The authors commented that the data from the ALINA study reinforce the need for rapid biomarker testing for ALK alterations across all stages of NSCLC. Currently, biomarker testing for ALK alterations in resectable NSCLC is mainly performed to exclude patients from receiving immunotherapy, but routine ALK testing should also support identification of patients who are likely to benefit from adjuvant alectinib.

In an accompanied editorial article, Drs. Antonio Passaro of the Division of Thoracic Oncology, European Institute of Oncology IRCCS in Milan, Italy and Solange Peters of the Lausanne University Hospital in Lausanne, Switzerland wrote that DFS results in the ALINA study should be regarded as highly meaningful, given the rarity of the clinical scenario and the magnitude of the benefit reported. The effect of alectinib on the risk of CNS disease recurrence positions it as a therapeutic breakthrough. However, more mature data on OS, a critical endpoint after curative-intent surgery and adjuvant treatments, are still expected.

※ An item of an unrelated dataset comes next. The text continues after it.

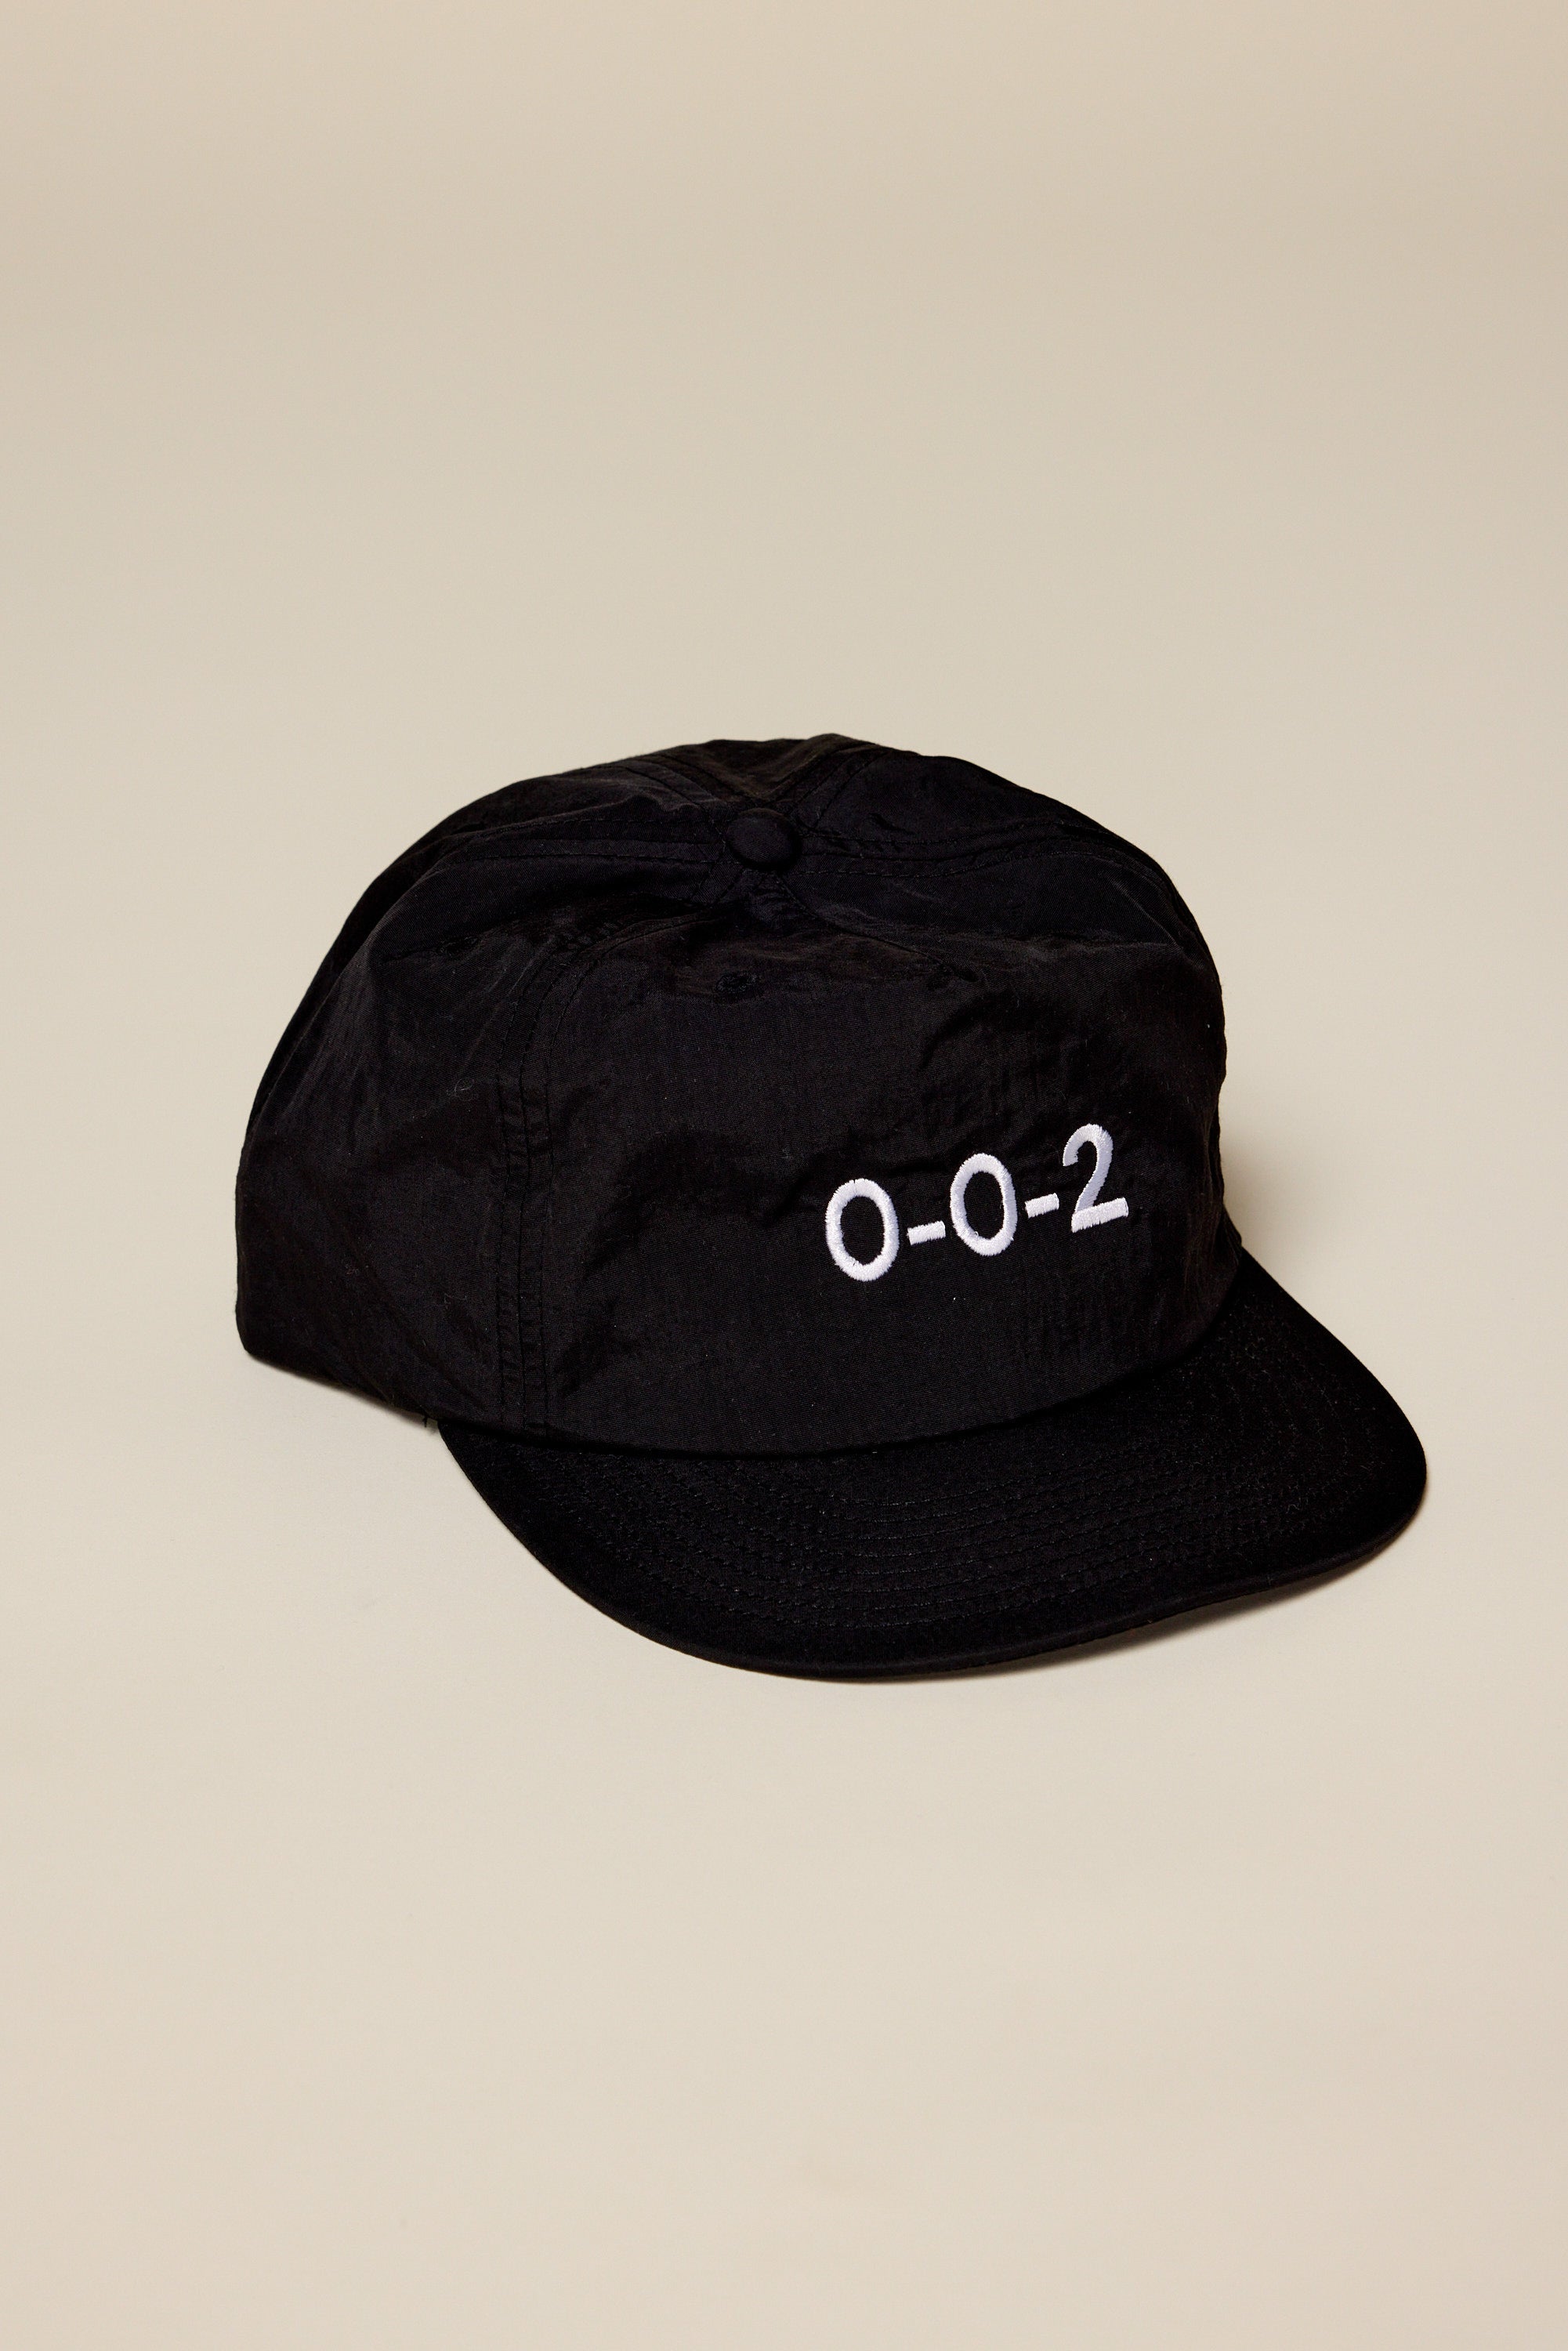 0-0-2 Court Hat

The promising developments highlighted by the ADAURA and ALINA underscore the potential of adjuvant targeted therapy in patients with tumours harbouring actionable molecular alterations, potentially expanding beyond EGFR and ALK inhibitors. Currently, LIBRETTO-432 is evaluating such a strategy in the rare occurrence of RET-rearranged NSCLC.

In the ALINA, the study investigators intentionally omitted chemotherapy for patients in the experimental group, which highlights the clinically significant efficacy of alectinib and suggests its potential as a sufficient stand-alone treatment. The question of whether a chemotherapy-free approach can be safely and universally applied across disease stages or whether platinum-based chemotherapy still holds relevance, particularly for patients at higher risk for relapse before starting biologic therapy, is open to debate.

The uncertainty also resides in the most effective duration of tyrosine kinase inhibitor (TKI) therapy in this context. The financial and health system–related sustainability of a long duration of exposure to TKI therapy in up to a third of patients with non-squamous NSCLCs who have actionable molecular alterations should be carefully analyzed.

According to the editorialists, the conclusive findings from the ADAURA and ALINA studies highlight the critical need to prioritise multiplex molecular profiling through next-generation sequencing for all patients with resected NSCLC. Furthermore, transition from treating metastatic disease with curative intent in early-stage cancers introduces new dynamics in the risk–benefit analysis.

The study was funded by F. Hoffmann–La Roche.